- Created by: based on the French program created by Arthur
- Presented by: Véronique Cloutier (1998–2003) Sébastien Benoit (2003–2007)
- Country of origin: Canada
- Original language: French
- No. of seasons: 9
- No. of episodes: 250+

Production
- Executive producers: Véronique Cloutier François Ferland
- Producers: Pierre Gagnon Marco Lamontagne
- Running time: 60 min.
- Production companies: Guy Cloutier Productions Novem Productions inc.

Original release
- Network: Radio-Canada
- Release: June 28, 1998 – December 31, 2007

= La Fureur (Canadian game show) =

La Fureur is a French-language Canadian game show that was broadcast live on the Radio-Canada television network from 1998 to 2007. It was based on the game show of the same name that was televised in France. As with the original version, the program featured two gender-segregated teams of celebrities answering questions and completing stunts pertaining to music. In addition, each episode had a special musical guest from the Québécois or international music scene, such as Annie Brocoli, Nana Mouskouri, Celine Dion and Ricky Martin, among others. All songs on the program were accompanied by karaoke-style on-screen lyrics, enabling viewers to sing along at home.

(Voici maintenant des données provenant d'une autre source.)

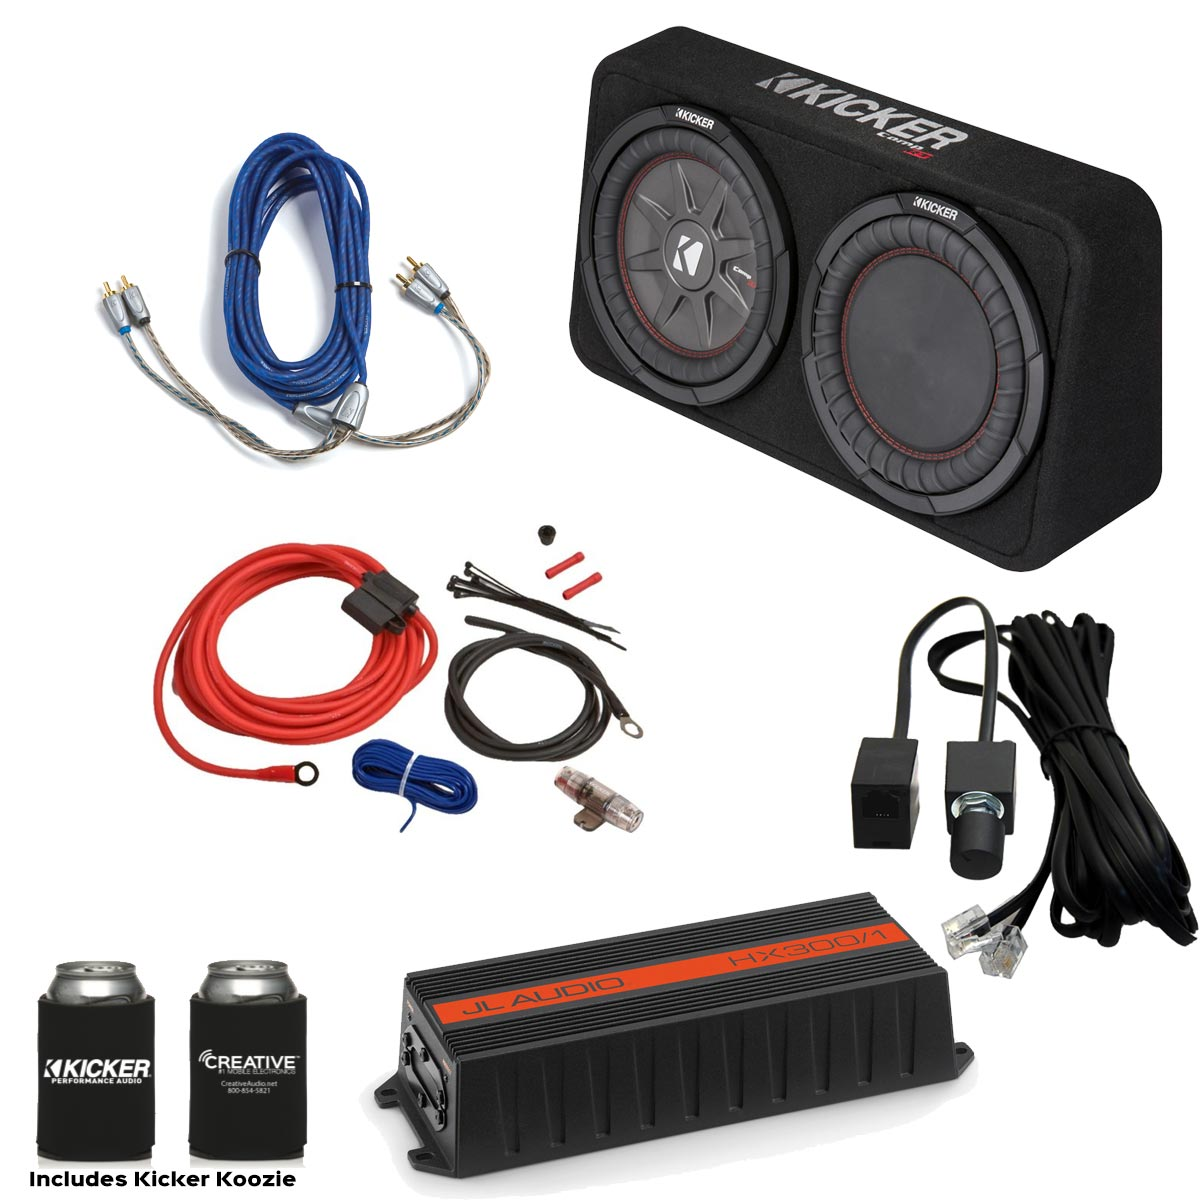 Jl Audio Hx300  1 300 Watt Amp  Kicker 10 U0026quot  Comprt Loaded Enclosure  U0026 Wiring Kit

In addition, the show was simulcast on stations of the Énergie, RockDétente or Rythme FM radio networks (depending on season), as well as on local stations where these networks are not available.

The final broadcast of the original run of La Fureur was on December 31, 2007. A one-time special was presented on January 8, 2019 for the 20th anniversary of La Fureur, hosted by Véronique Cloutier. Its tremendous success led to another special a year later on January 4, 2020.

== Overview ==
The program was initially hosted by Véronique Cloutier and produced in Montreal at Studio 42 of Maison Radio-Canada by her father, Guy Cloutier.

At its height in popularity, La Fureur became one of the highest rated programs in Quebec with more than 1,200,000 viewers each week.

In addition to its weekly telecasts, La Fureur occasionally aired special episodes, such as Halloween, Christmas and New Year's Eve shows, and out-of-studio telecasts from Jarry Park and Bell Centre in Montreal, Colisée Pepsi in Quebec City, and Ottawa Civic Centre in Ottawa, Ontario. On November 18, 2000, Véronique Cloutier hosted a pre-recorded special episode from the set of the French version in Paris, playing by that version's rules.

In April 2003, Véronique Cloutier left the show to concentrate on her new talk show for Radio-Canada, Véro; her final show on April 27, 2003 was telecast live from the Bell Centre and featured Ricky Martin as special guest. She was replaced by Sébastien Benoit as host, beginning with the 2003–2004 season. Both Cloutier and Benoit co-hosted its 250th show, on January 27, 2007.

== Broadcast ==
La Fureur was originally broadcast Thursday nights on Radio-Canada at 8 PM local time (9 PM AT), later moving to Friday nights. On September 18, 2004 the show moved to Saturday nights at 6:30PM local (7:30PM AT), a move made possible after the cancellation of La Soirée du hockey (which generally began at 7PM ET). All episodes were telecast live from Ontario eastward; telecasts from Manitoba westward were electronically delayed for their time zones.